北村匡平さんの映画批評『創造的映画のポイエティーク』『No.014 コミュニケーションの不可能性と距離の映画学―フェデリコ・フェリーニ『ジンジャーとフレッド』』をアップしましたぁ。北村さんの映画批評においてフェリーニ映画はとても重要です。『コミュニケーションの不可能性と距離の映画学』は連作フェリーニ論であり、『道』、『甘い生活』についても批評しておられます。是非この機会にまだお読みになっていない皆様は、目をお通しになってみてください。

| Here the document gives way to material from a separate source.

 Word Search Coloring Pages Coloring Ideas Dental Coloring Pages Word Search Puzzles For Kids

『ジンジャーとフレッド』はフェリーニ晩年の作品です。つい昨日のやうに感じますが、公開からもう30年も経ってしまったのですねぇ。不肖・石川、年を取るわけだ(爆)。北村さんは「『ジンジャーとフレッド』(1985年)以降、テレビを中心としたマスメディアが記号を動かしていくようになるのと重なるように、フェリーニ映画は登場人物や物語内部の象徴的媒介性を使って物語を描くのではなく、映画というメディア自体を意識するようになる」と書いておられます。つまりフェリーニは時代に追いつきながら映画を制作していたわけです。初期から彼の作品を見るとそれがはっきりわかりますね。巨匠と呼ばれる由縁です。

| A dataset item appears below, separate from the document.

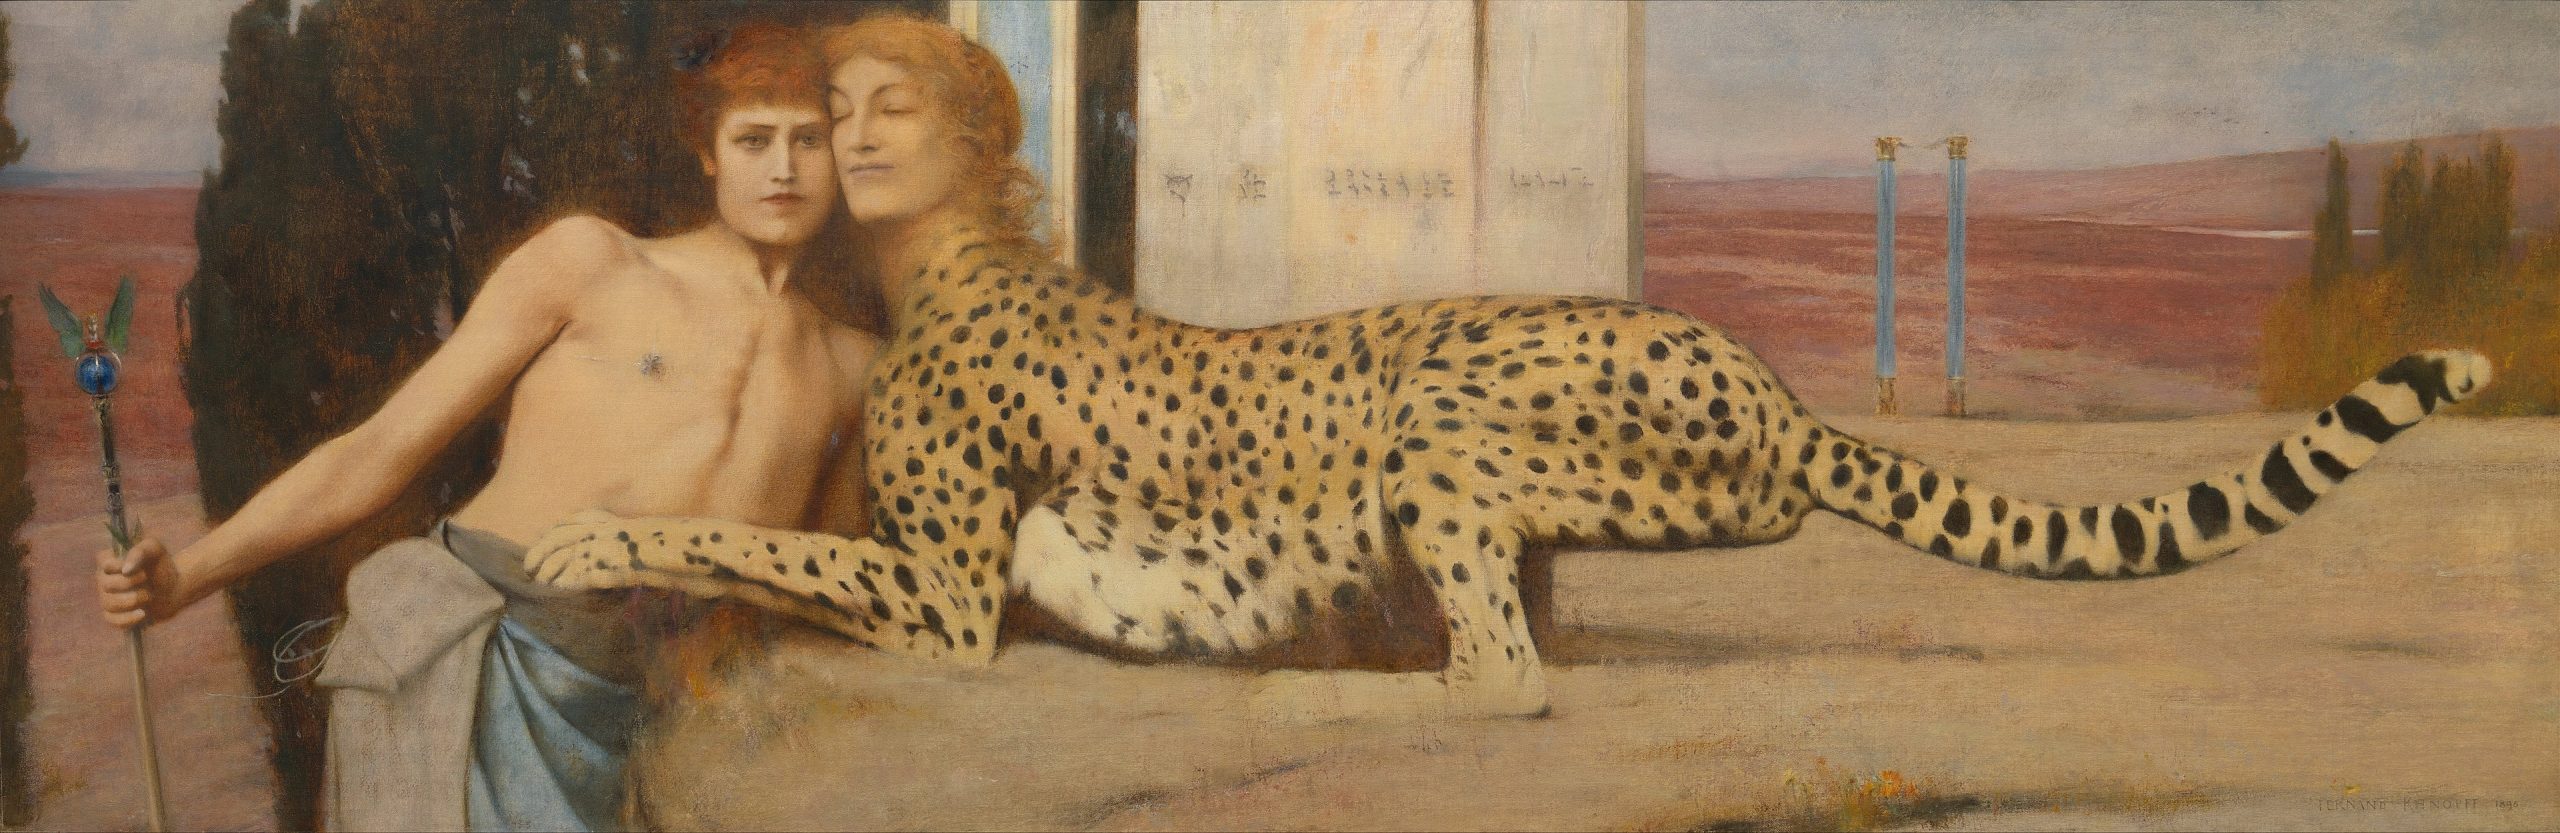 A woman with the body of a cheetah holds her head close to that of a man holding a sceptre

この映画のクライマックスについて北村さんは、「ジンジャーとフレッドは・・・破局し、別々の道を歩んだ。このテレビ番組の企画による再会は30年ぶりのことであった。・・・踊り始めようとした瞬間、スタジオは停電し、照明が落ちてしまう・・・。テレビの放送は中断し、スタジオは闇に包まれる。ピッポとアメリアは真っ暗になったスタジオに腰を下ろし、お互いのことを話し合う。・・・二人はテレビの断絶の間に、光と光の狭間に、30年分の時空を超えた真実を伝えあう。・・・このテレビの背後の「物語」において一方通行だった二人の会話は、初めて真実の対話になる。この純然たるコミュニケーションは、テレビの不在、すなわち、フェリーニの「映画」により可能となったのである」と批評しておられます。見事な読解です。ごゆっくりお楽しみください。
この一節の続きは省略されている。